This is rated PG-13 for some language. This is set at some point after "Island of the Haunted," but there are no specific spoilers for that or any episode.
I didn't create and don't own these characters or the premise of the show. This story is for entertainment purposes only, no infringement is intended, and absolutely no money is being made from this. Jo is mine, however. Please do not reproduce in print. Please do not archive. Archive links are welcome.
Feedback? Oh, yes, please.
Thanks to Kelly for beta. And thanks to Karen for liking her.
***
So I'm in the store one afternoon, and it's a zoo because two people have called in and I'm running one of the registers-- which meant I'd be there until all hours, because my regular work doesn't just go away-- and one of the coolers starts making a scary noise. I'm all worried about the cooler, because a bunch of spoiled Hot Pockets will just kill my loss report for the week, and a customer hits the floor. Boom. And it was Eddie Livarus, so when I say boom I mean boom. He's a big guy.
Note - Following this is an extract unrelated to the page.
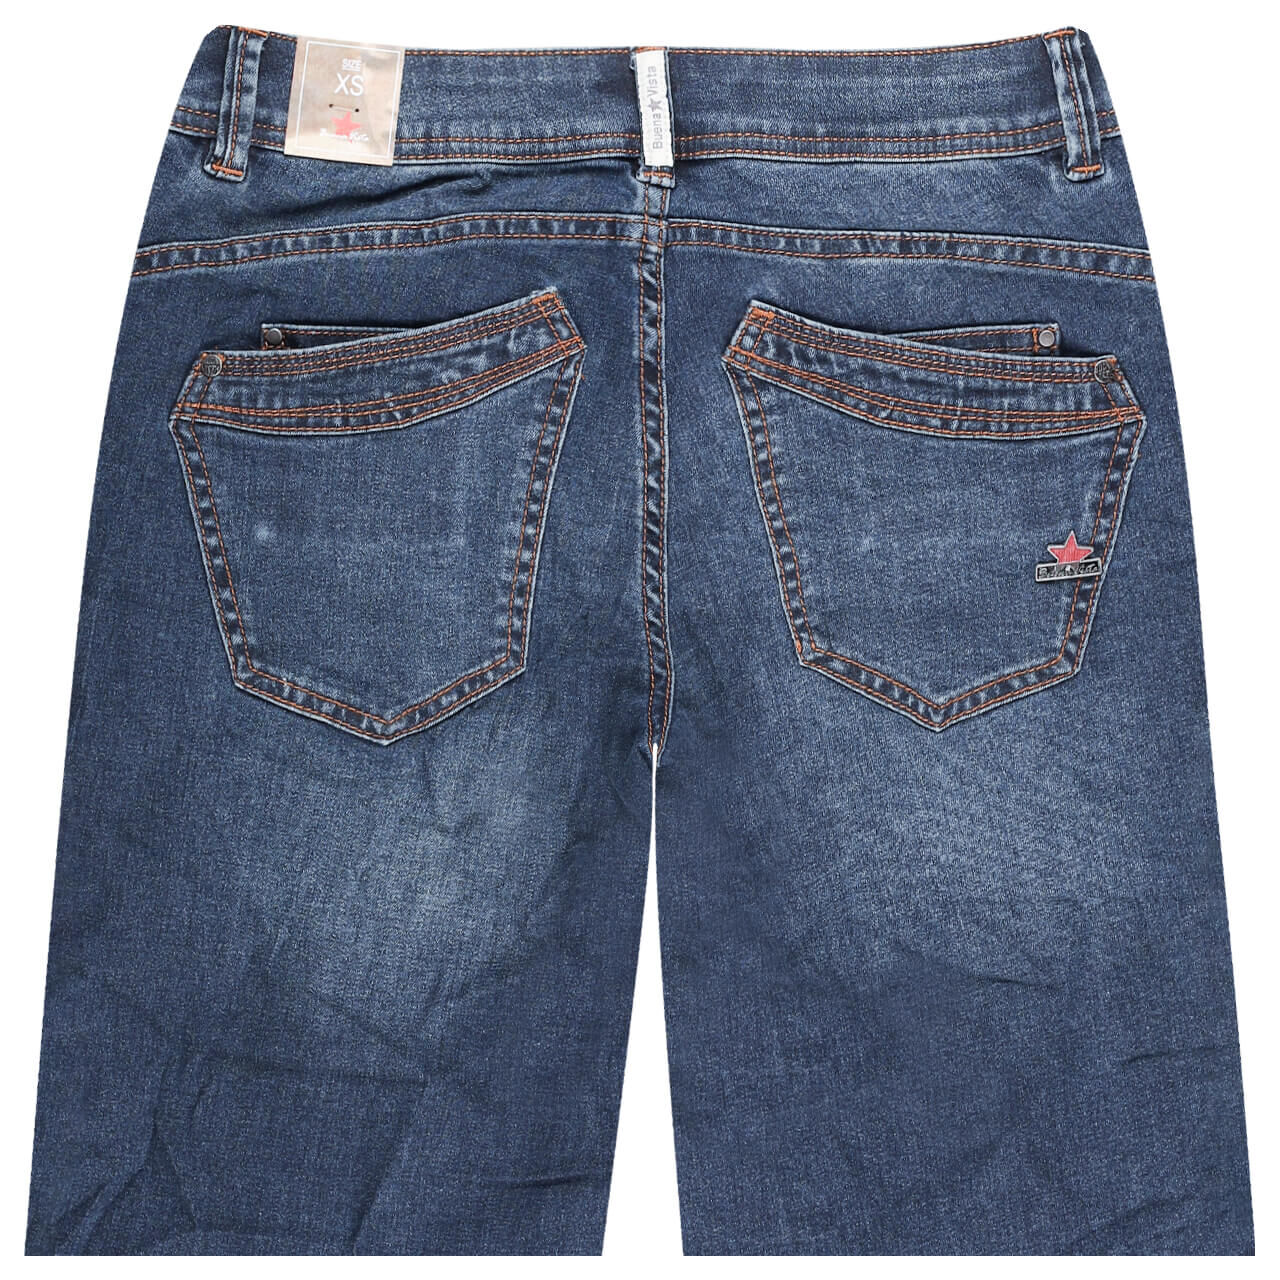 Buena Vista Malibu-Short Stretch Denim Jeans dark stone

If I thought it was a zoo before, you should've seen it when Eddie dropped in the cereal aisle. There were boxes of Kellogg's everywhere. Mickey goes into hysterics, because she's 16 and is the poster child for why I shouldn't hire 16-year-old cashiers. I manage to call 911, get Tom to take Mickey into the break room... They don't teach you this shit in management classes. You just do it. It's a good thing the paramedics were there pretty quick.
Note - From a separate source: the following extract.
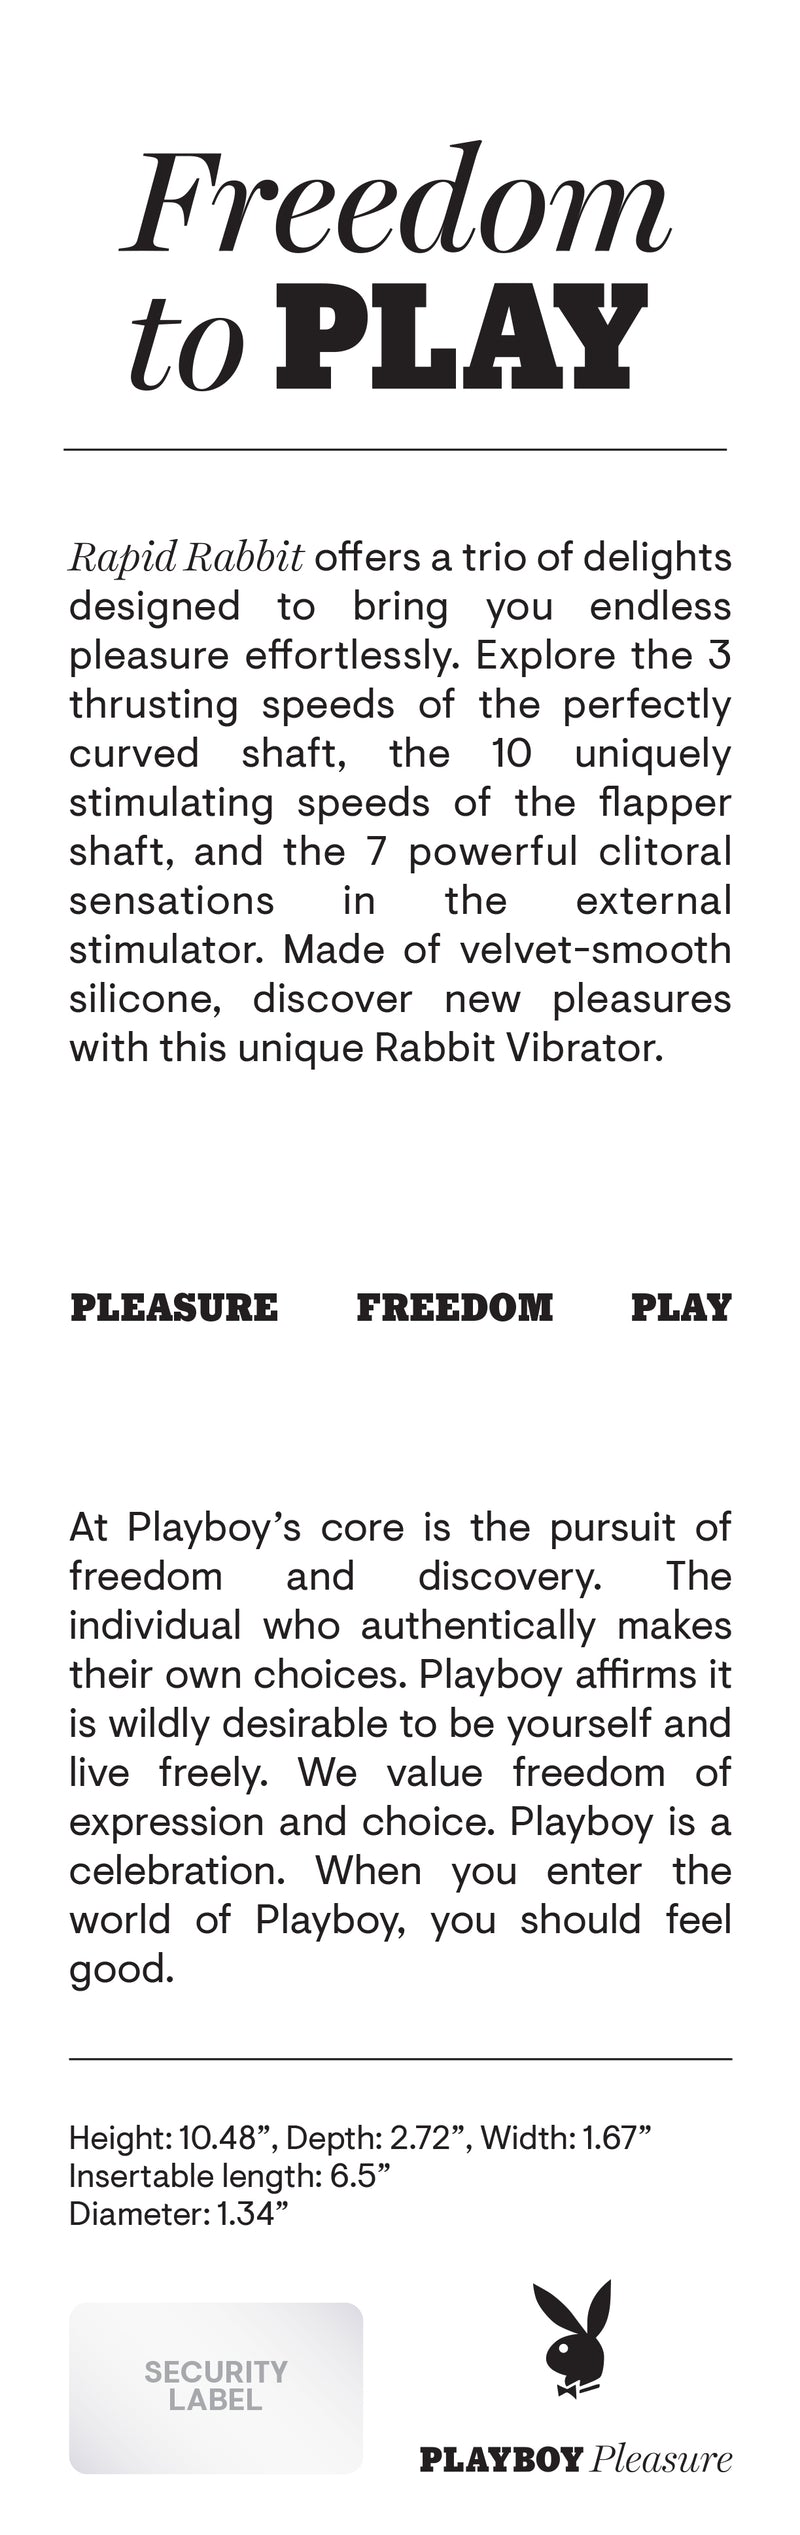 Rapid Rabbit - Playboy Pleasure

That's how I met Jarod. He was teamed with Bob, who I've known since high school, and the two of them took good care of Eddie. Something to do with his diabetes, it turned out, and Eddie was just fine. So we were all glad about that, of course, though I didn't really have time to be glad. I had a store to run, and we were down two, plus then Mickey freaking out in back. I was busy doing twenty different things, and keeping everyone the hell away from the paramedics. No one in this town has ever watched TV, you'd think, because they're all over in the way and asking questions while Bob and Jarod did their job. Haven't they ever seen ER?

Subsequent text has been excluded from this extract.